Hanjin, which filed for bankruptcy in a South Korean court on Aug. 30, missed the Friday deadline and so sought an extension to Jan. 9. But Judge John K. Sherwood scheduled a hearing on the matter for Wednesday. The hearing comes as Hanjin is seeking to finalize the sale of Total Terminals International, which operates terminals in Long Beach and Seattle and of which Hanjin owns 54 percent.

Also Friday, Hanjin filed papers asking the court to recognize and enforce the sale, which has been approved by the South Korean bankruptcy court. Several logistics and other companies who say they are owed money by Hanjin – among them a container company seeking $22 million in compensation – are closely watching the disclosure process, and several have filed court papers in the past to protect their claims.
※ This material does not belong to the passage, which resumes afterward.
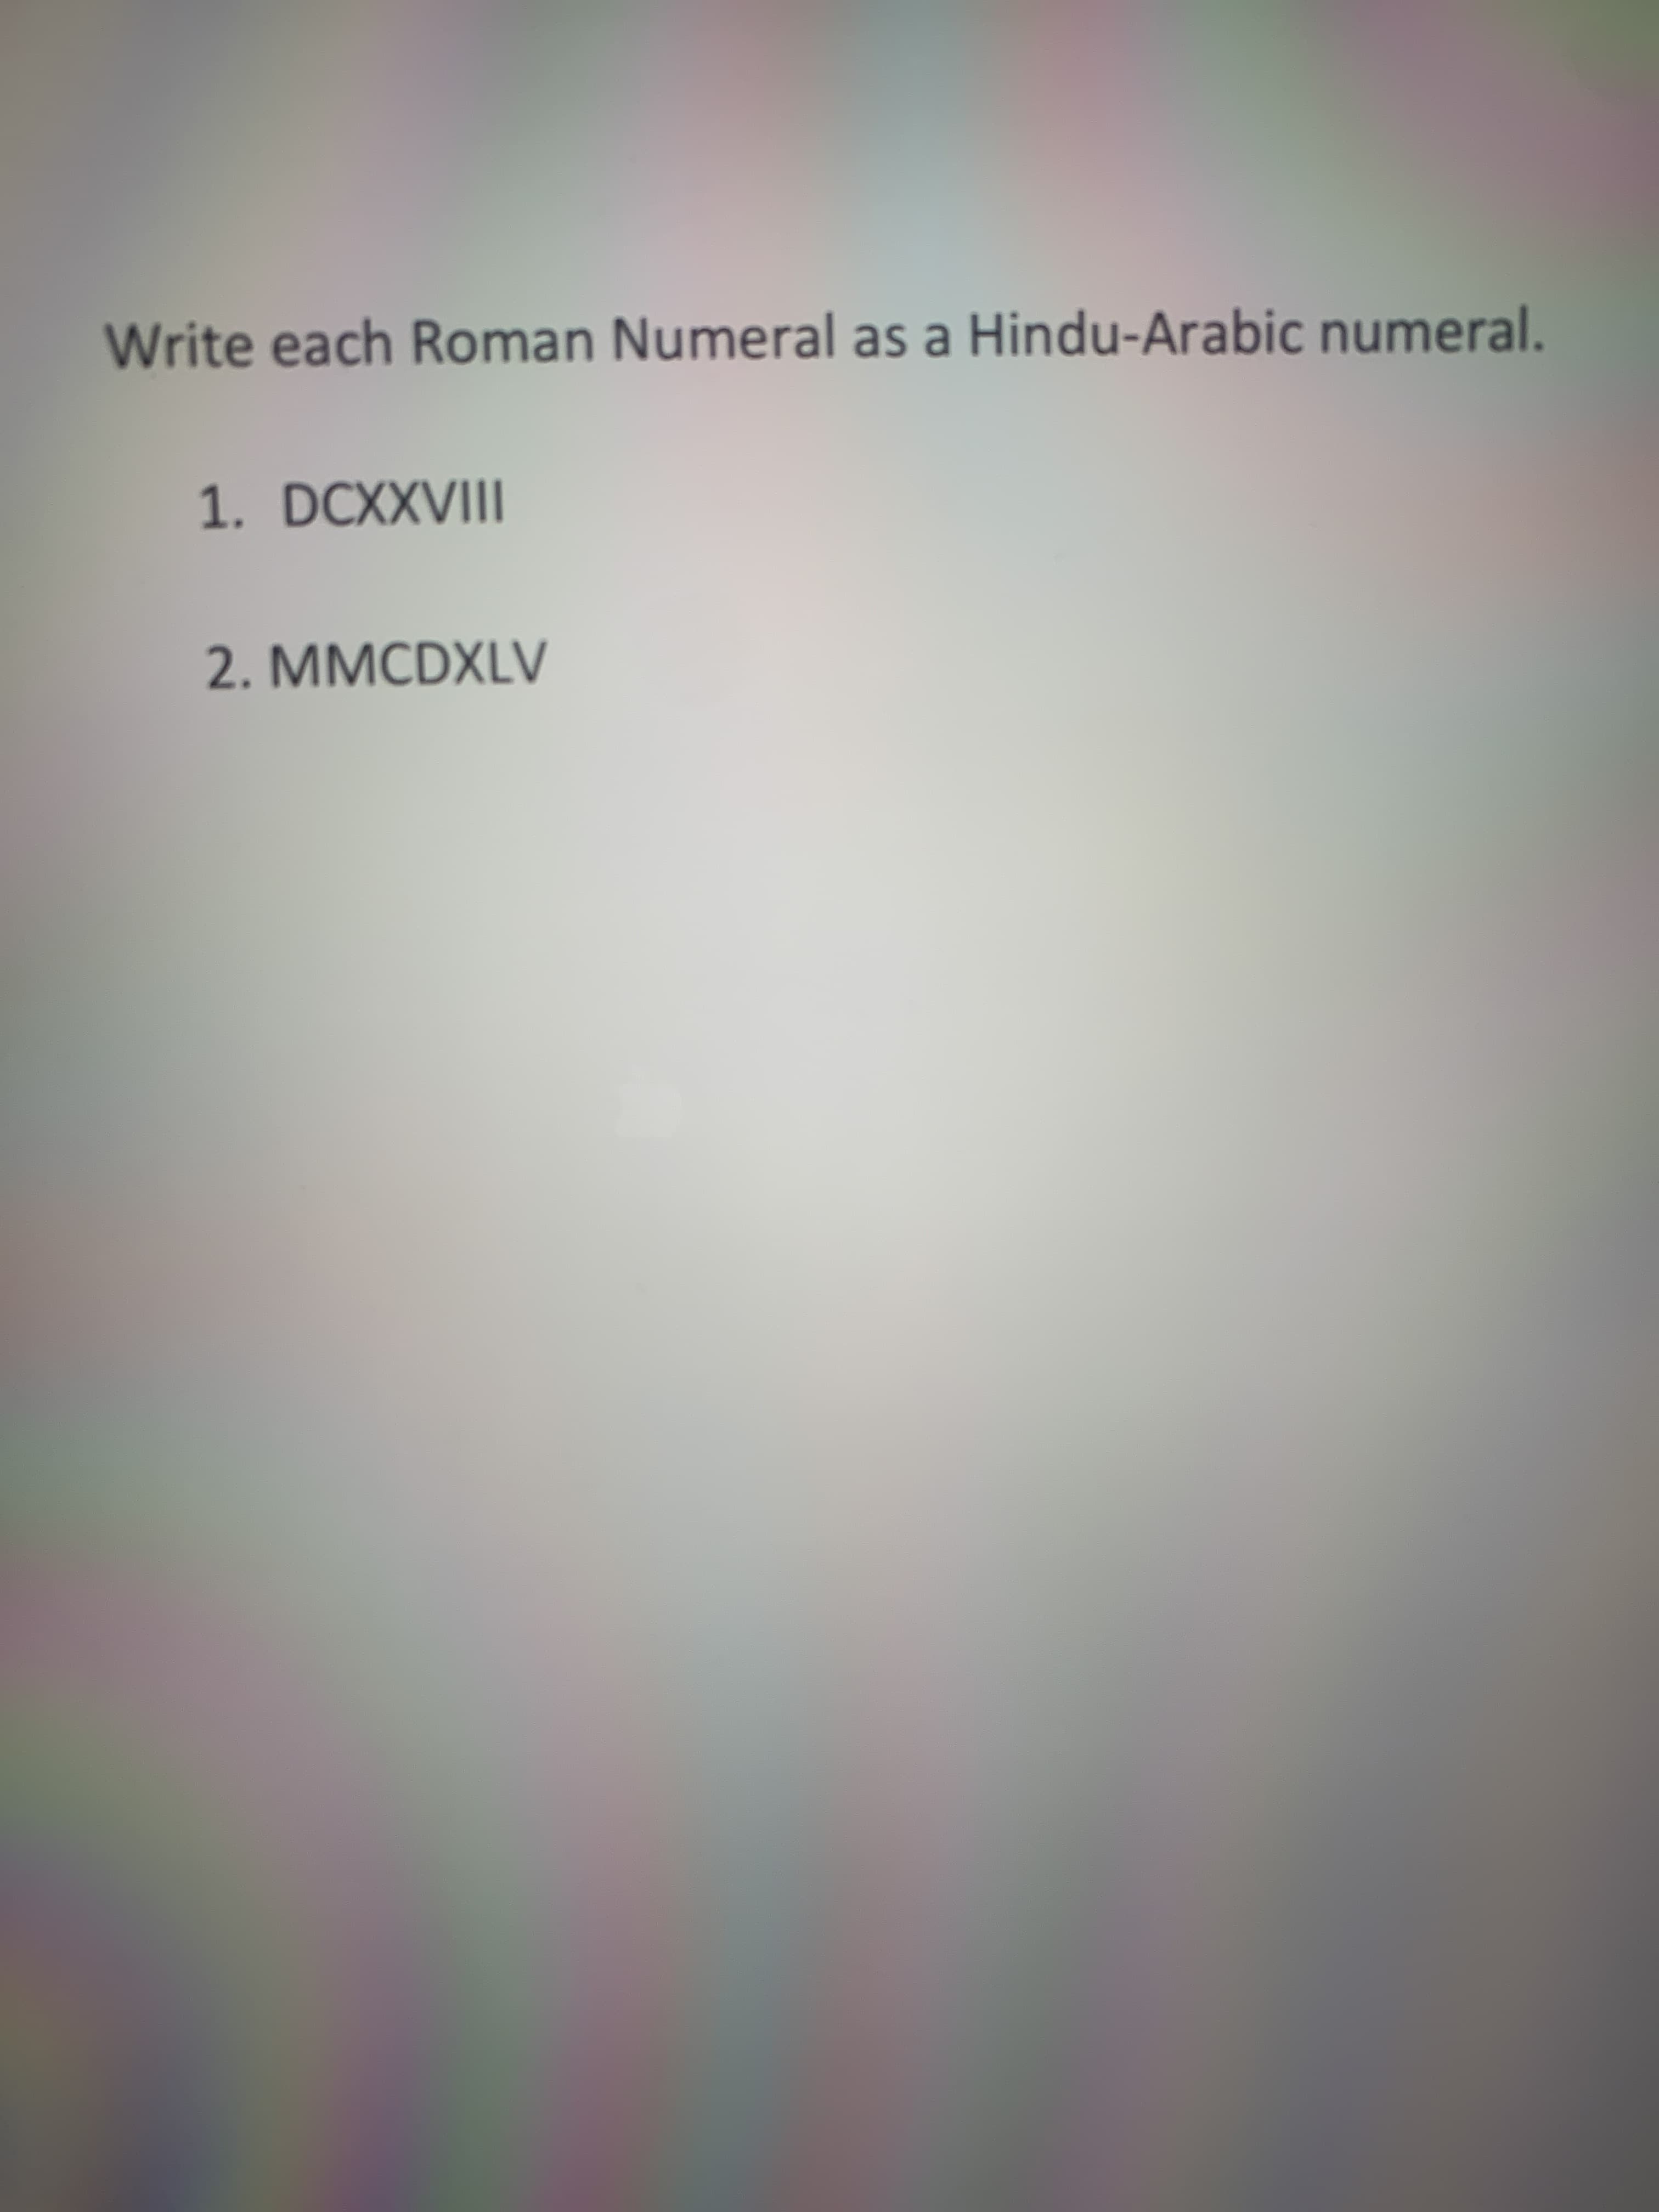 Write each Roman Numeral as a Hindu-Arabic numeral.
1. DCXXVIII
2. MMCDXLV
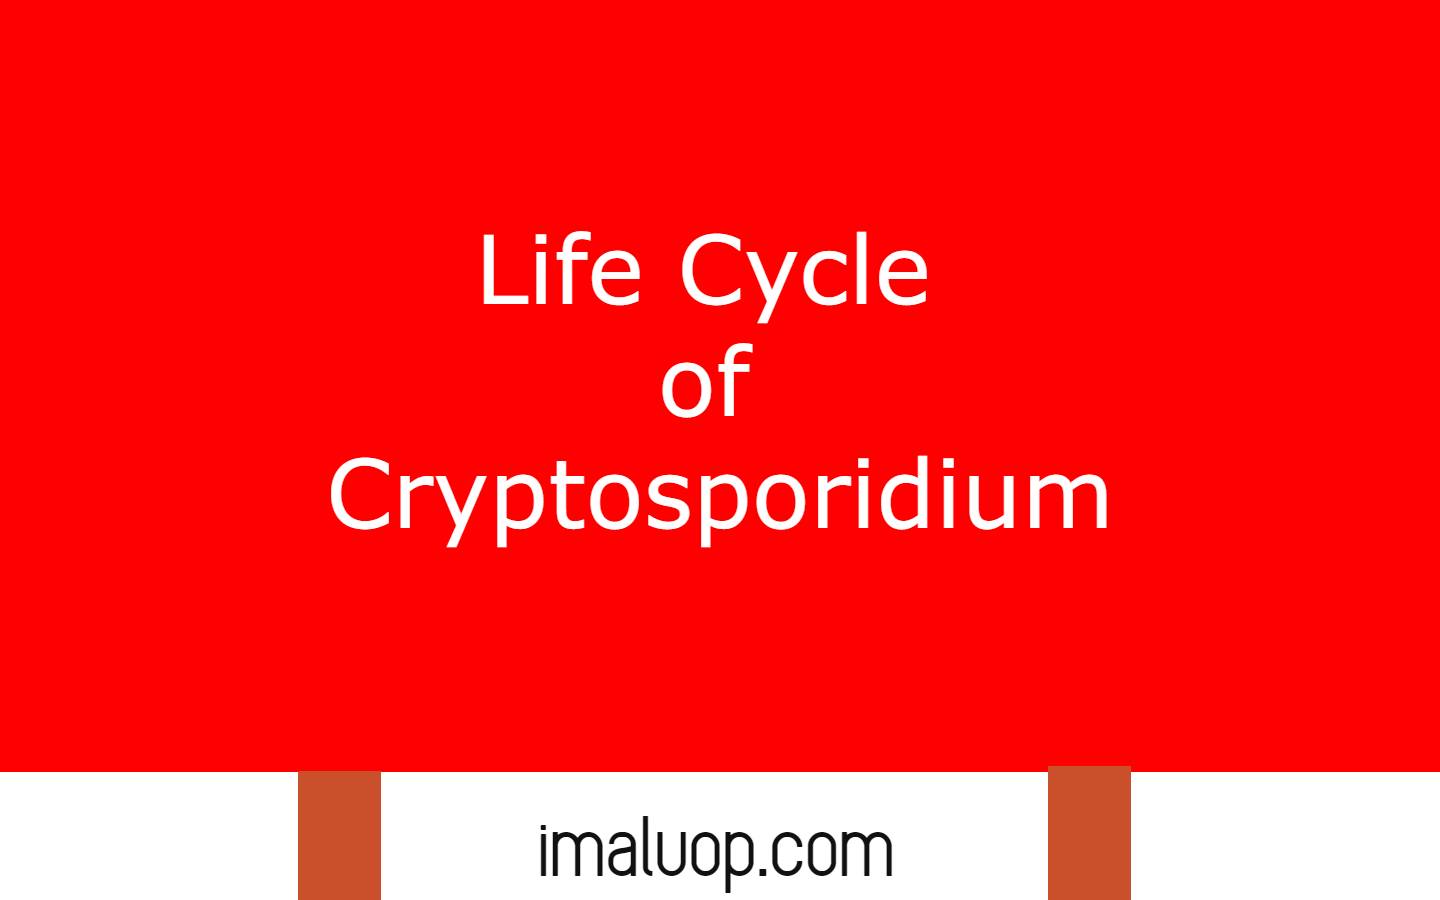 Life Cycle of Cryptosporidium

Two insurance companies, Continental Insurance Company and Continental Casualty Company, immediately filed papers in opposition to Hanjin’s request for a two-week extension, saying that would give it only three days in which to analyze the documents before Sherwood held a Jan. 12 hearing to determine whether the court would approve the sale or not. “Three business days is simply not enough time for Hanjin’s creditors to review and reasonably evaluate the disclosures,” the insurance companies wrote. Continental Insurance Company and Continental Casualty Company have argued in court papers that their policy holders include companies that provided equipment to Hanjin, who likely will face claims for damage and additional expenses that occurred after Hanjin filed for bankruptcy.

Textainer, the California-based container leasing company, has filed papers to protect potential claims for compensation from Hanjin’s continued use of its containers. TRAC Intermodal, Sea Cube, Home Shopping Network, and OceanConnect Marine have also filed papers in the case.